This is the first installment of Applying Machine Learning to Kaggle Datasets, a series of ipython notebooks demonstrating the methods described in the Stanford Machine Learning Course. In each noteobok, I apply one method taught in the course to an open kaggle competition.
In this notebook, I demonstrate linear regression using the DC Bicycle share competition.
In [1]:
%matplotlib inline
import numpy as np
import pandas as pd
import matplotlib.pyplot as plt
import statsmodels.api as sm
import code.Linear_Regression_Funcs as LRF
A description of the data can be found here: https://www.kaggle.com/c/bike-sharing-demand/data
In [2]:
train = pd.read_csv("./data/bike_sharing_demand/train.csv",
index_col='datetime', parse_dates='datetime')
train.head()
Out[2]:
In [3]:
y = train['count']
In [4]:
# Get dictionaries to hold scale factors for month and weather type
scales = LRF.get_scale(train,['weather','monthly'])
In [5]:
# X is an [m x n] matrix.
# m = number of observations
# n = number of predictors
X = LRF.make_matrix(train,weather_scale=scales['weather'],monthly_scale=scales['monthly'])
Ordinary Least Squares (OLS) assumes a squared loss function with no weights and no regularization.
a. sm.OLS.fit() solves the normal equations to estimate model parameters.
b. sm.OLS.fit_regularized() minimizes the cost function numerically using coordinate descent.
In [6]:
results = sm.OLS(y,X).fit()
In [7]:
# Print OLS regression results and diagnostics
results.summary()
Out[7]:
In [8]:
# Print score on Kaggle training data
ypredict = results.predict(X)
ypredict[ypredict<0]=0 # Make sure we don't predict negative ridership!
print "score on training data = ", LRF.score(y,ypredict)
In [9]:
# View Time series of ridership observations and predictions
start = 2700
end = start + 300
#start = 0; end = len(train)-1 # Uncomment to see entire timeseries
plt.plot(train.index[start:end],y[start:end],'-r',alpha=1,lw=3)
plt.plot(train.index[start:end],ypredict[start:end],'-b',alpha=0.3,lw=3)
Out[9]:
In [10]:
# Read test data
test = pd.read_csv("./data/bike_sharing_demand/test.csv",
index_col='datetime', parse_dates='datetime')
In [11]:
# Construct test model matrix
Xtest = LRF.make_matrix(test,weather_scale=scales['weather'],monthly_scale=scales['monthly'])
In [12]:
# Calculate predictions by applying model parameters to test model matrix
Ypredict = pd.DataFrame(results.predict(Xtest),index=Xtest.index)
Ypredict = Ypredict.apply(np.round)
Ypredict[Ypredict<0]=0
In [13]:
# Write to csv
Ypredict.columns = ['count']
Ypredict = Ypredict.astype(int) # Force integers in output
Ypredict.to_csv('./predictions/Linear_Regression_Prediction.csv',sep=',')
This submission received a score of 0.57986, placing 902 of 1481 submissions.
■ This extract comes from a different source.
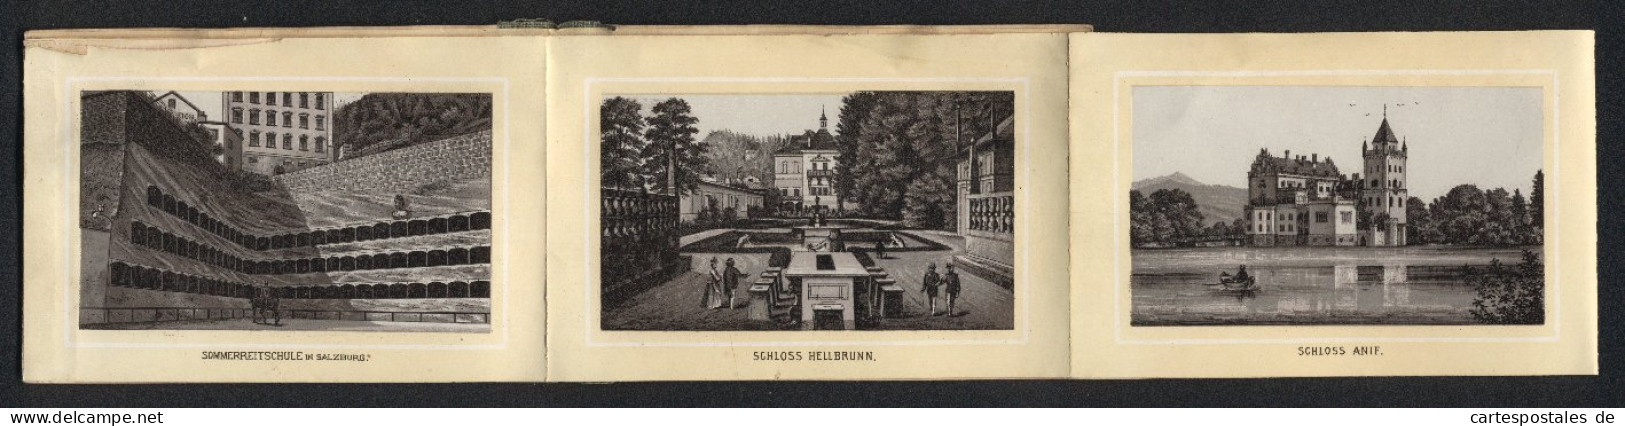 Leporello-Album Salzburg Mit 12 Lithographie-Ansichten, Berchtesgaden, Schloss Anif, Sommerreitschule, Mozartplatz  - Litografía

Not bad for a quick linear regression model!
The evaluation function uses log of rides, so it's very important to be correct when ridership is low.
Implement weighted least squares (sm.WLS(y,X)) in which the smaller values of the observations are weighted more heavily.
Include more predictor variables. For example, use weather information after transforming it from the raw data. For example, try monthly temperature anomaly instead of simply temperature. Additionally, include an interaction term between temperature anomaly and month of the year (or day of week).
Regularize the model results. The test data performs worse than the training data, suggesting that the model overfits the training data. Try early stopping or including a regularization term using OLS.fit_regularlized().
Fine tune model predictions. For example, manually reduce ridership predictions during the last week of December, when many people will be out of town or not commuting to work.
Assume that the endogenous variable follows a Poisson distribution, not a normal distribution sm.GLM(y,X,family=sm.families.Poisson()). This is cheating a little bit because this tutorial is about linear regression.